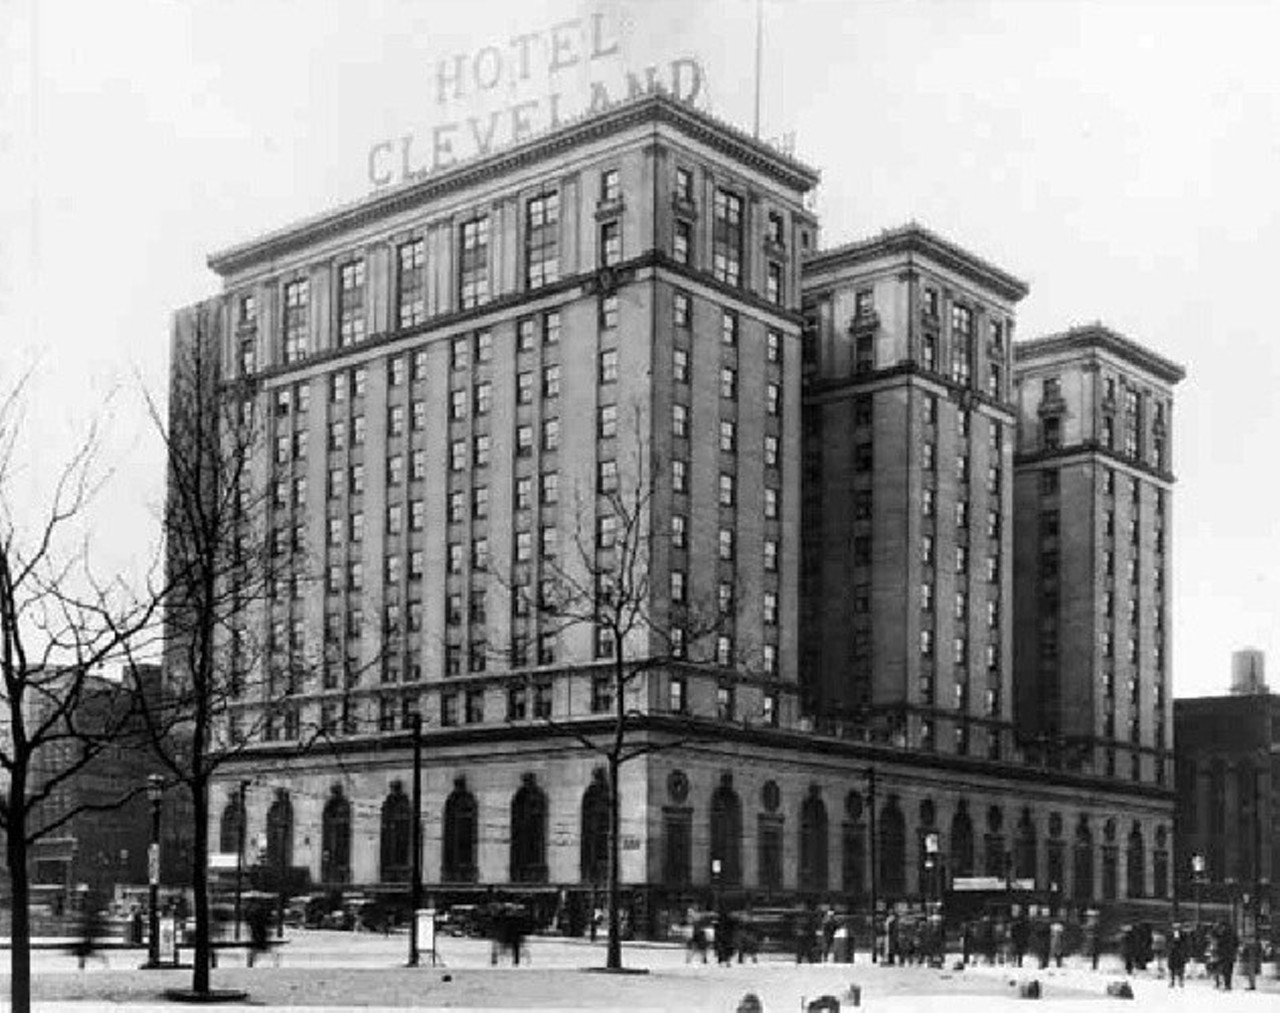 Oldest Hotel: Renaissance Cleveland Hotel (105 Years Old) 
First opened as Hotel Cleveland, this luxury mainstay has been around longer than most. With prime Tower City real estate, the Renaissance proves popular with locals and tourists alike. Aligned with Public Square, the Renaissance has solidified itself as both a modern getaway and a Cleveland landmark.
Photo via Scene Archives
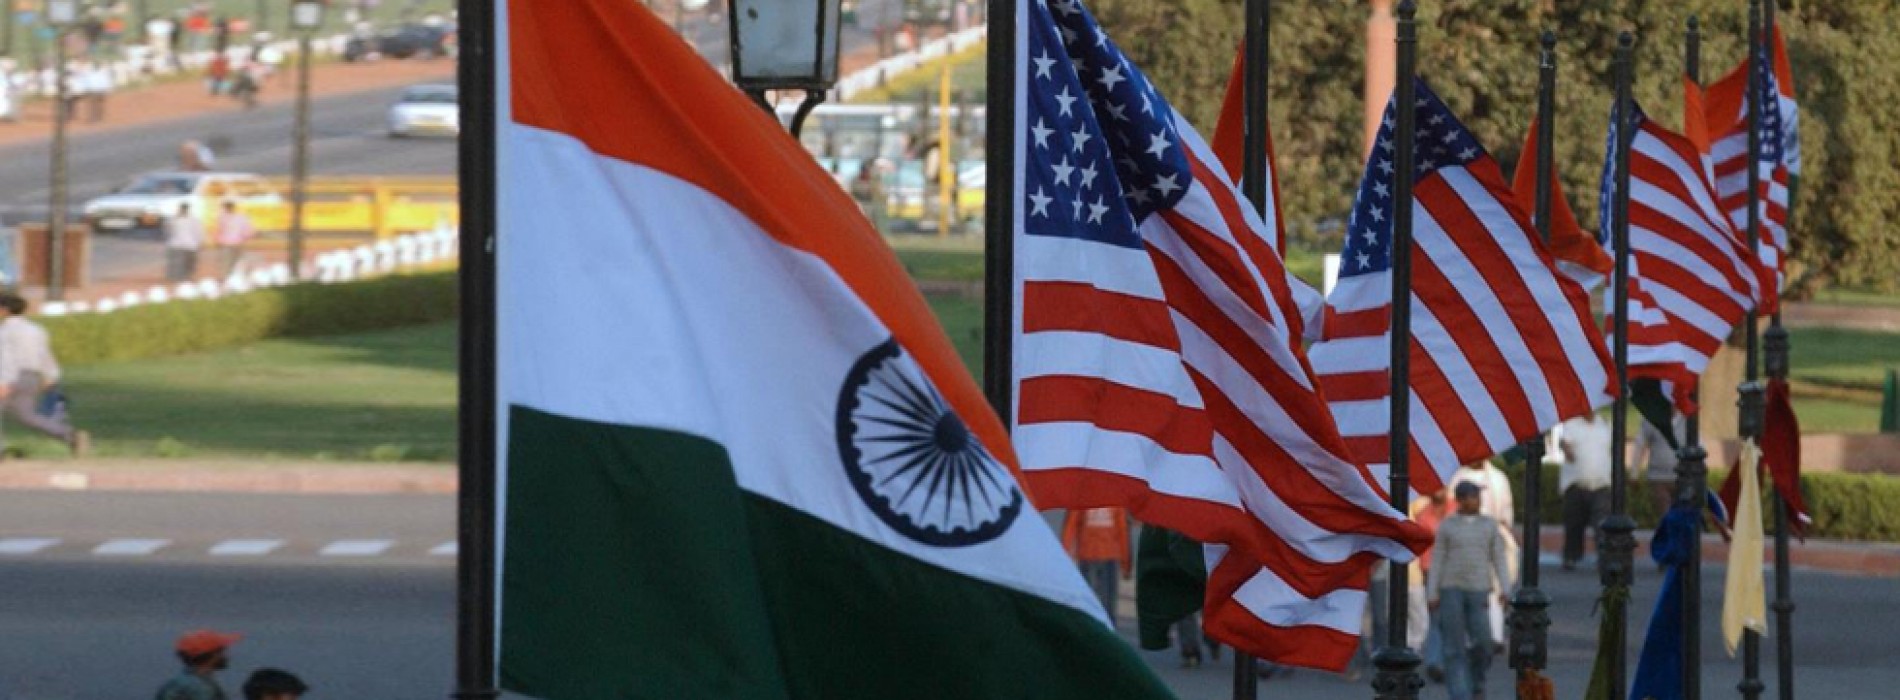 India, US to train African peacekeeping military personnel in trilateral cooperation initiative
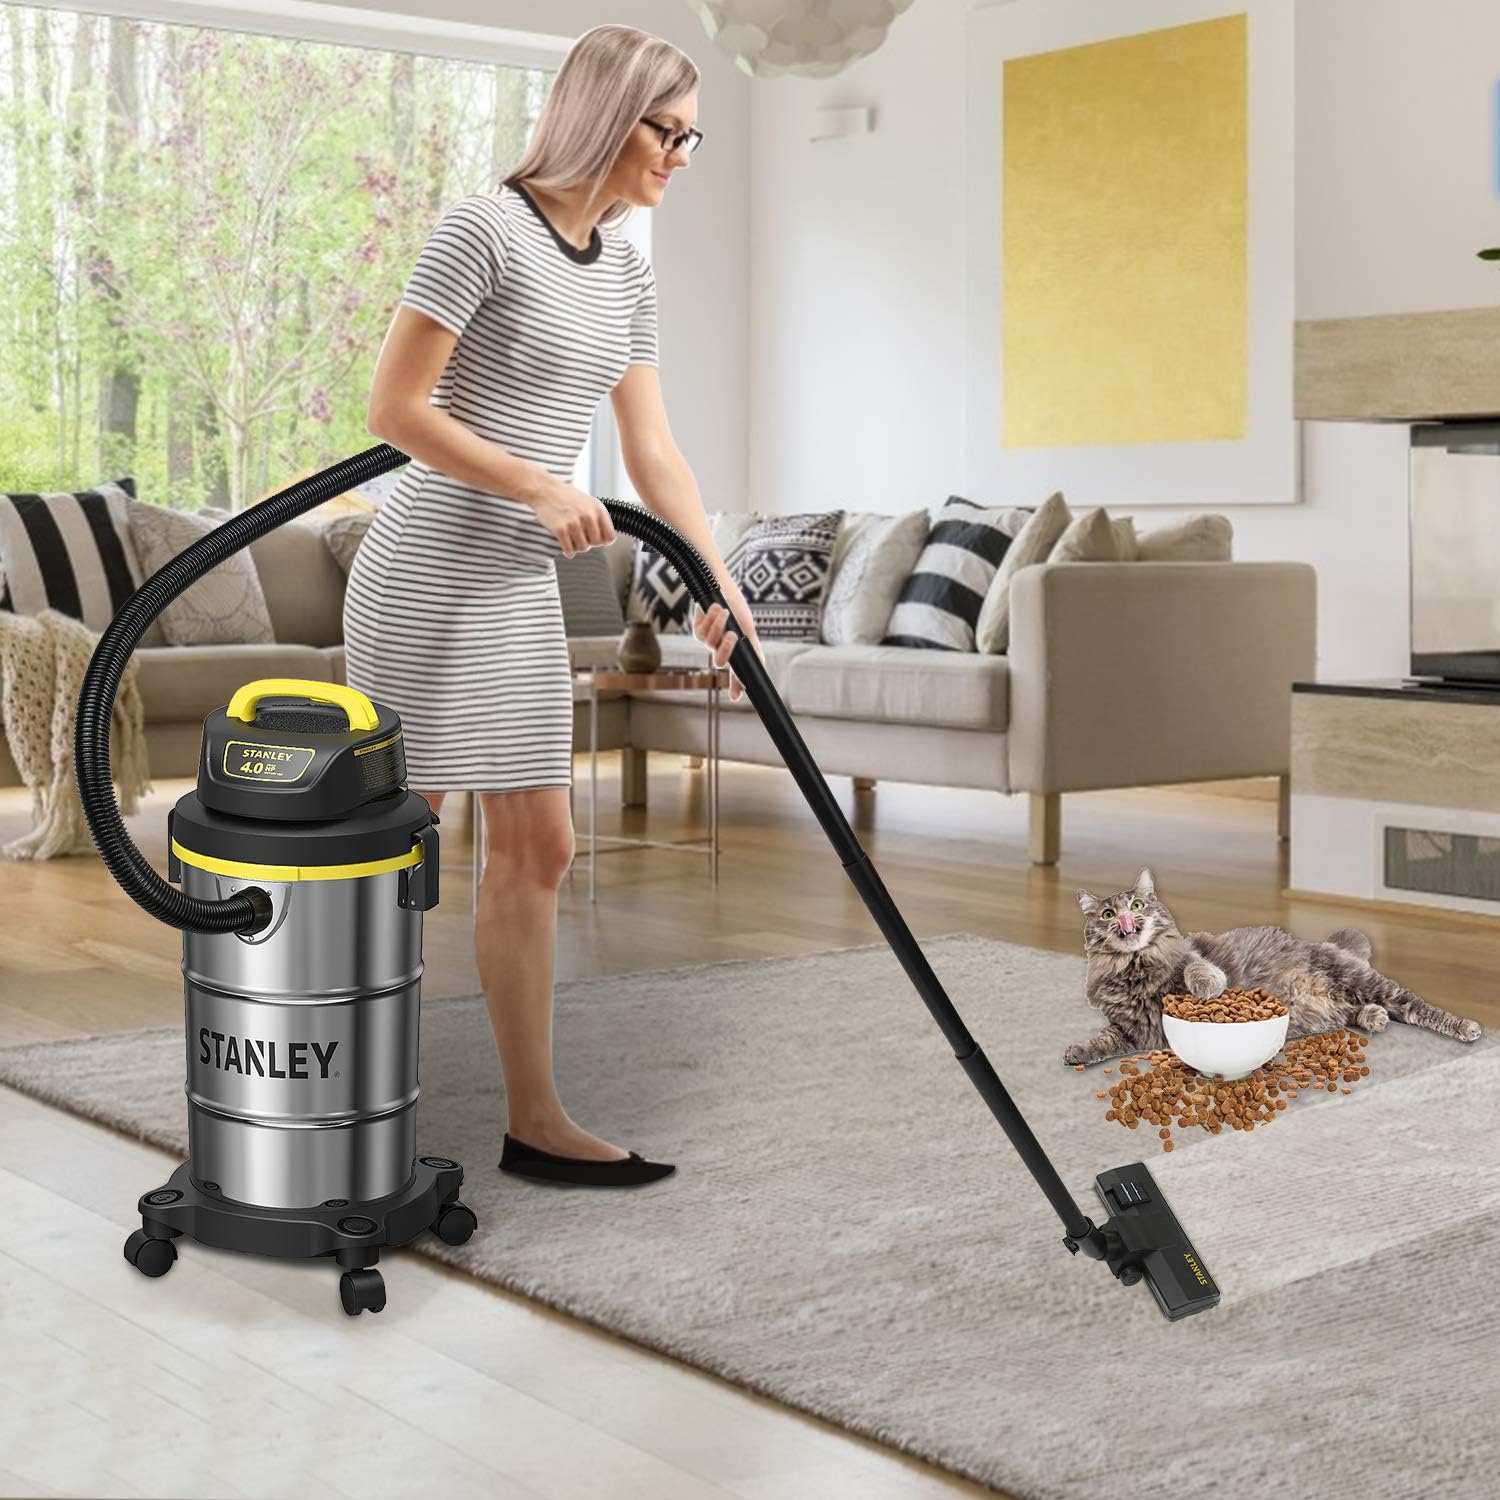 Stanley Portable Stainless Wet/Dry Vacuum 8 Gal
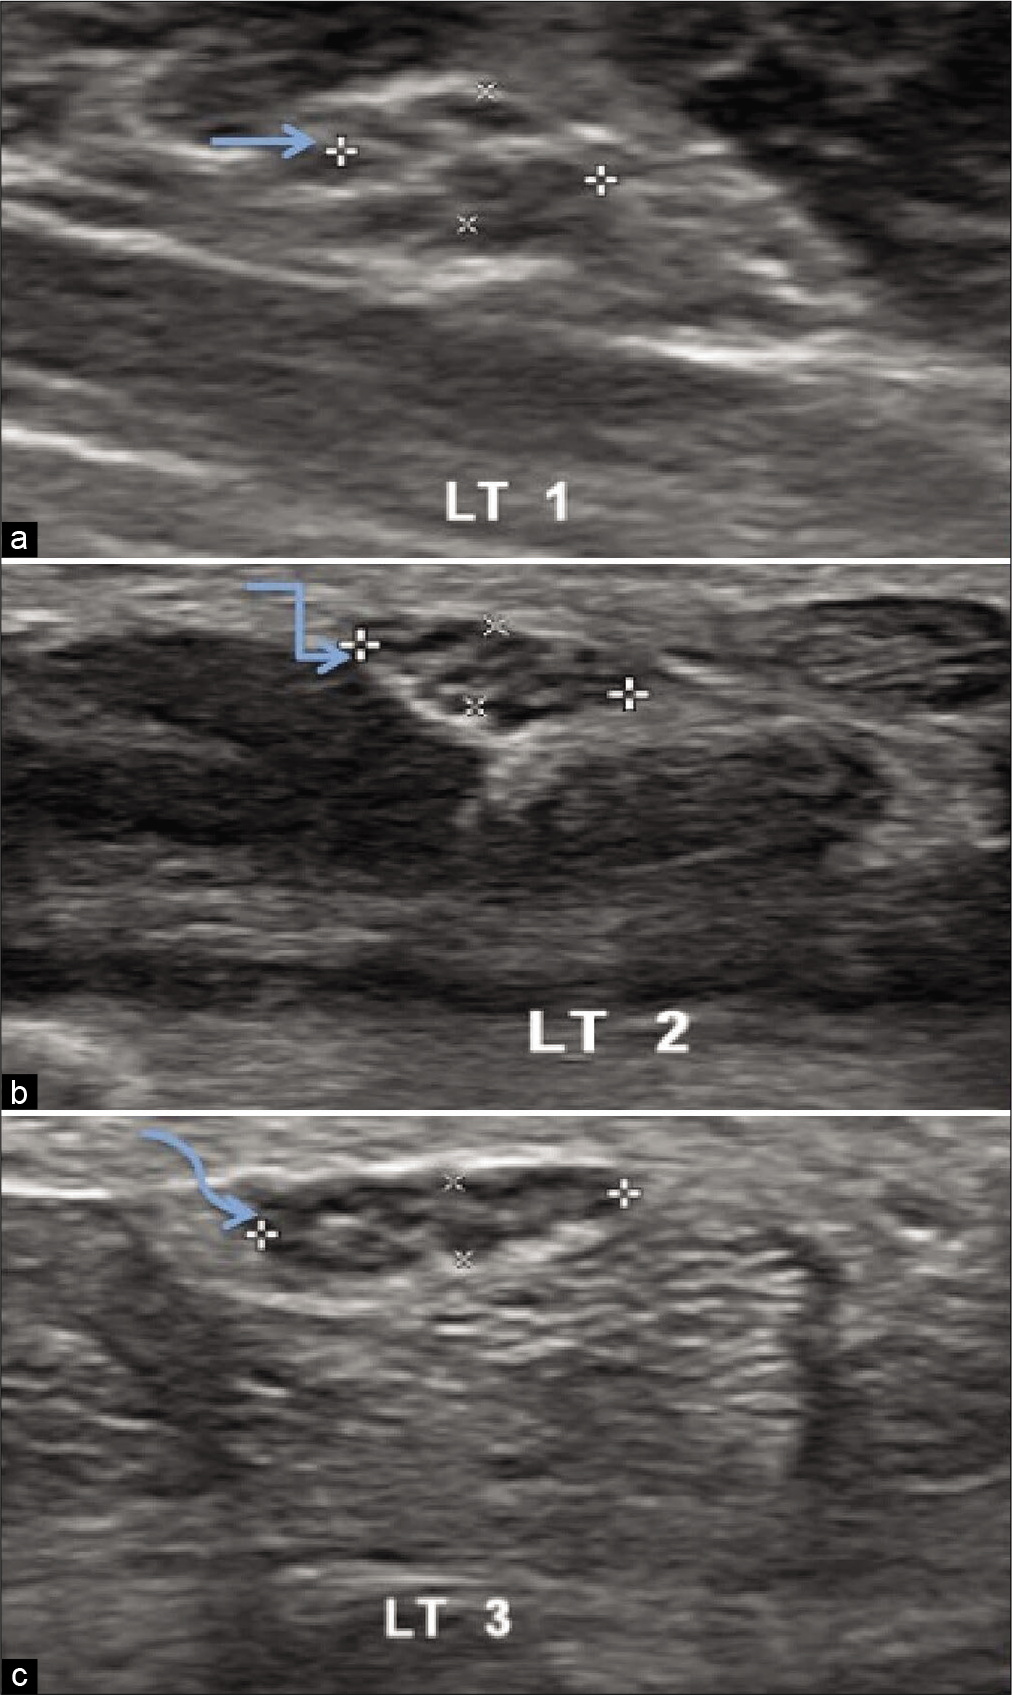 Ultrasonography of the left median nerve of healthy volunteer showing thickness /width ratio at three levels in distal forearm (a) thickness/width ratio 2.59 at the level of pronator quadratus,(straight arrow) (b) thickness/width ratio 3.03 proximal to carpal tunnel inlet, (bent arrow) (c) thickness/width ratio 2.89 distal to carpal tunnel outlet. (curved arrow).
◇ ◇ ◇ ◇ ◇
Task goal –
Restate word for word, and only, the lines from the line that contains "Stanley Portable Stainless" through the end of the data, both included; pictures are not part of the copy.

Response for this exercise –
 Stanley Portable Stainless Wet/Dry Vacuum 8 Gal
 Ultrasonography of the left median nerve of healthy volunteer showing thickness /width ratio at three levels in distal forearm (a) thickness/width ratio 2.59 at the level of pronator quadratus,(straight arrow) (b) thickness/width ratio 3.03 proximal to carpal tunnel inlet, (bent arrow) (c) thickness/width ratio 2.89 distal to carpal tunnel outlet. (curved arrow).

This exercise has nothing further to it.